Zurück zur Urzeit
Endlich machen wir uns auf den Weg Richtung Westen. Myvatn ist unser abendliches Ziel. Die Ringstraße zieht sich endlos durch Täler, niedere und hohe, über eine Hochebene, die sich durch spärliche Schafzucht auszeichnet und prompt verfehlen wir die Strasse, die uns zu einem netten Seelein mit einem netten Café in einem netten renovierten Torfhäuschen geführt hätte. Stattdessen finden wir uns – ganz touristengerecht, aber völlig deprimierend, in einem Déjà-vu Erlebnis wieder. Schwarze Hügel ragen düster beidseits der Strasse, die sich wie ein trauriges Band durch schwarzes Geröll windet. Keine Schafe, kein Blümchen, ja nicht mal Moos. Islands Vergangenheit hat uns wieder eingeholt.
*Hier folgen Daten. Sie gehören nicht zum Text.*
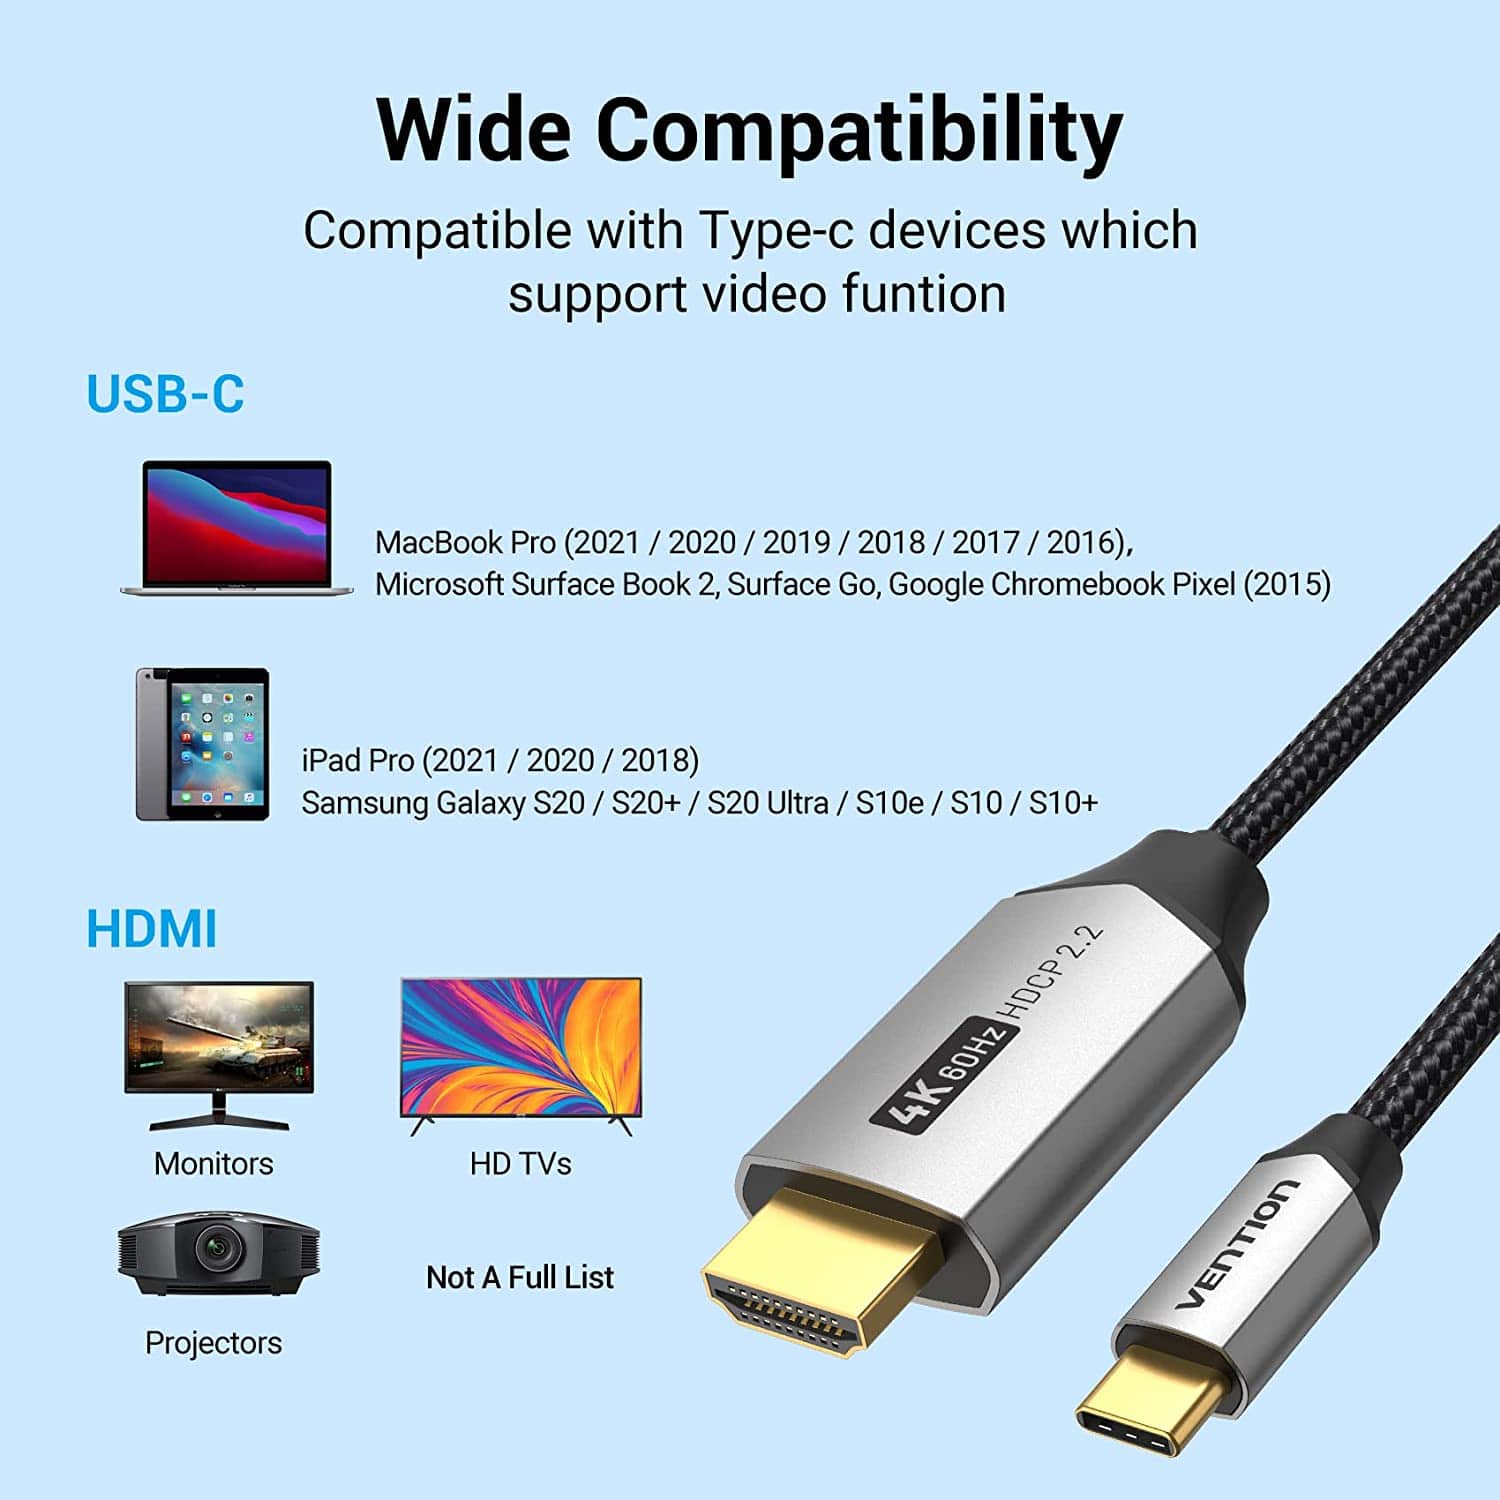 USB to HDMI Adapter Cable Cord - USB 2.0 Type A Male to HDMI Male Charging  Converter (Only for Charging) (1.5 Meter)

Und als es Kilometer weiter endlich wieder schwach zu grünen beginnt, lassen wir uns vom grossen Plakat an der Strasse verführen: Coffee & Cake! Vier Kilometer auf staubiger Piste und dann ein einsames Farmhaus, davor einige Autos, Pferde, ein Schneemobil und hinter dem Rasen flattert die Bettwäsche fröhlich in der eisigen Sonne. Wir treten ein … und sind bei den Leute zu Hause. Ein Raum, drei Tische mit Stühlen, bunt zusammengewürfelt, auf der Anrichte eine Thermosflasche isländischen Kaffees, Becher vollgestopft mit Besteck und zum Kaffee ein Stück selbst gemachter Rhabarberkuchen. Aus dem Raum der Blick in drei Schlafzimmer, karg eingerichtet, weiß bezogen, bereit für einsame Reisende auf der Suche nach Schutz in diesem isländischen Outback. Wir müssen weiter, nicht ohne die einzige Katze ganz Islands begrüsst zu haben und sind sicher: Das war’s also. Die nächste Stunde ist nichts mehr zu erwarten.
Die Überraschung kommt ohne Vorwarnung. Die Berge ragen um uns wie immer, braun und beinahe vegetationslos.
«Dort!» ruft die Bebbin plötzlich. Im Schreck tritt der Meenzer, der nebenbei bemerkt, die ganze Zeit als Fahrer fungieren darf und das mit Bravour, scharf auf die Bremse. Ein Hintermann hätte uns etwas gekostet, aber Verkehr ist in Island ein Gerücht. Als hielte sich der Berg für einen Schornstein, steigt aus seiner Flanke weißer Rauch auf.
Und dort! Näher an uns dampft die Erde und wir sehen: Wir sind nicht die Ersten. Eine Nase voll genommen und alles ist klar. Aus zahlreichen Ritzen steigt Dampf empor, unter hohem Druck auf 200° C erhitzt, die halbe Gegend ist wie ein schlecht geschlossener Dampfkochtopf. Schlamm blubbert, es zischt und stinkt zum Himmel.
Der Boden ist gelb und brüchig. Wir können unser Glück nicht fassen. Und kein Wort davon im Reiseführer. Eine Sekunde lang erwägt die Bebbin, sich beim Reisebüro zu beschweren. Aber das Schauspiel ist für solche Kleinigkeiten einfach zu großartig.
Die Befürchtung, eine ereignislose Fahrt zu haben, hat sich definitiv in Dampf aufgelöst und so erreichen wir nach langer Fahrt endlich die gemütliche Farm in Laugar, die uns für einige Tage beherbergen wird.